BRIEF DESCRIPTION OF THE DRAWINGS

The Figure depicts a method of identifying a CFTR modulator compound using an amplifier compound. The left panels show the activity derived from a modulator being sought in the screen. The right panels show that the amplifier provides more substrate CFTR species for each of the modulators to act upon.





DETAILED DESCRIPTION

As used herein, the words “a” and “an” are meant to include one or more unless otherwise specified. For example, the term “an agent” encompasses both a single agent and a combination of two or more agents.


The term “modulating” encompasses increasing, enhancing, inhibiting, decreasing, suppressing, and the like. The terms “increasing” and “enhancing” mean to cause a net gain by either direct or indirect means. As used herein, the terms “inhibiting” and “decreasing” encompass causing a net decrease by either direct or indirect means.


Disclosed herein is a method of identifying a CFTR modulator compound, comprising one or more of the following:


incubating a set of test compounds in combination with a CFTR amplifier compound with cells expressing a non-mutant or mutant CFTR in incubation media;


measuring CFTR levels and/or activity; and


identifying one or more compounds from the set of test compounds that modulate CFTR levels or activity, thereby identifying CFTR modulator compounds.

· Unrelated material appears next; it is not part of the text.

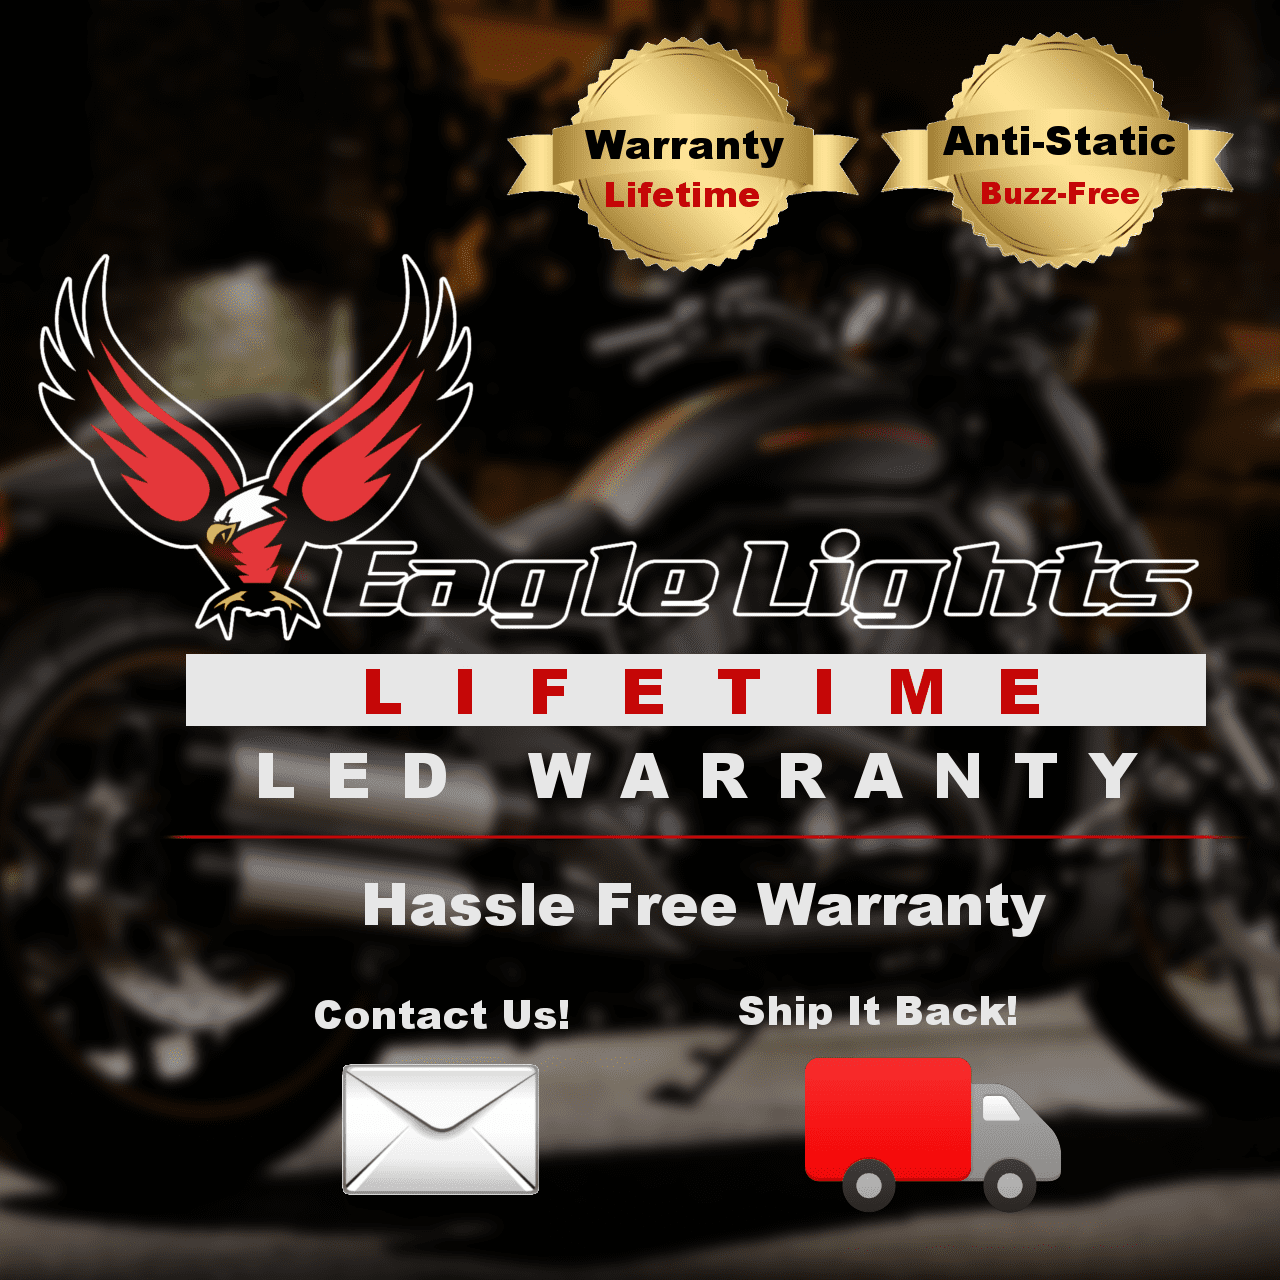 5 ¾” Halo & DRL LED Headlights - Eagle Lights 5 3/4" / 5.75" Slim Line Multi LED Projection Headlight - Black - Fits All 5 3/4" Harley Davdison And Indian Headlight Buckets

For example, disclosed herein is a method of identifying a CFTR modulator compound, comprising one or more of the following:


incubating a set of test compounds in the presence of a CFTR amplifier compound with a cell line expressing non-mutant or mutant CFTR in incubation media;


measuring CFTR levels and or activity in response to the test compounds; and


identifying a modulator of CFTR activity based on the ability to act on the levels and or activity of CFTR in the presence of the CFTR amplifier compound.

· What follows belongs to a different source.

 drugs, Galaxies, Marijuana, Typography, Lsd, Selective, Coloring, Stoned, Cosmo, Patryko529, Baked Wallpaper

In some embodiments, disclosed cells may express non-mutant or at least one mutant CFTR, selected for example from the group consisting of ΔF508, S549N, G542X, G551D, R117H, N1303K, W1282X, R553X, 621+1G>T, 1717-1G>A, 3849+10kbC>T, 2789+5G>A, 3120+1G>A, I507del, R1162X, 1898+1G>A, 3659delC, G85E, D1152H, R560T, R347P, 2184insA, A455E, R334W, Q493X, Y122X, K710X, R553X, R709X, R1158X and R1162X and 2184delA. Contemplated CFTR mutation(s) may be from one or more classes, such as without limitation, Class I CFTR mutations, Class II CFTR mutations, Class III CFTR mutations, Class IV CFTR mutations, Class V CFTR mutations, and Class VI mutations. Contemplated cell line CFTR genotypes may include, without limitation, homozygote mutations (e.g., ΔF508/ΔF508 and R117H/R117H) and compound heterozygote mutations (e.g., ΔF508/G551D; ΔF508/A455E; AF508/G542X; Δ508F/W1204X; R553X/W1316X; W1282X/N1303K, 591Δ18/E831X, F508del/R117H/N1303K/3849+10kbC>T; Δ303K/384; and DF508/G178R).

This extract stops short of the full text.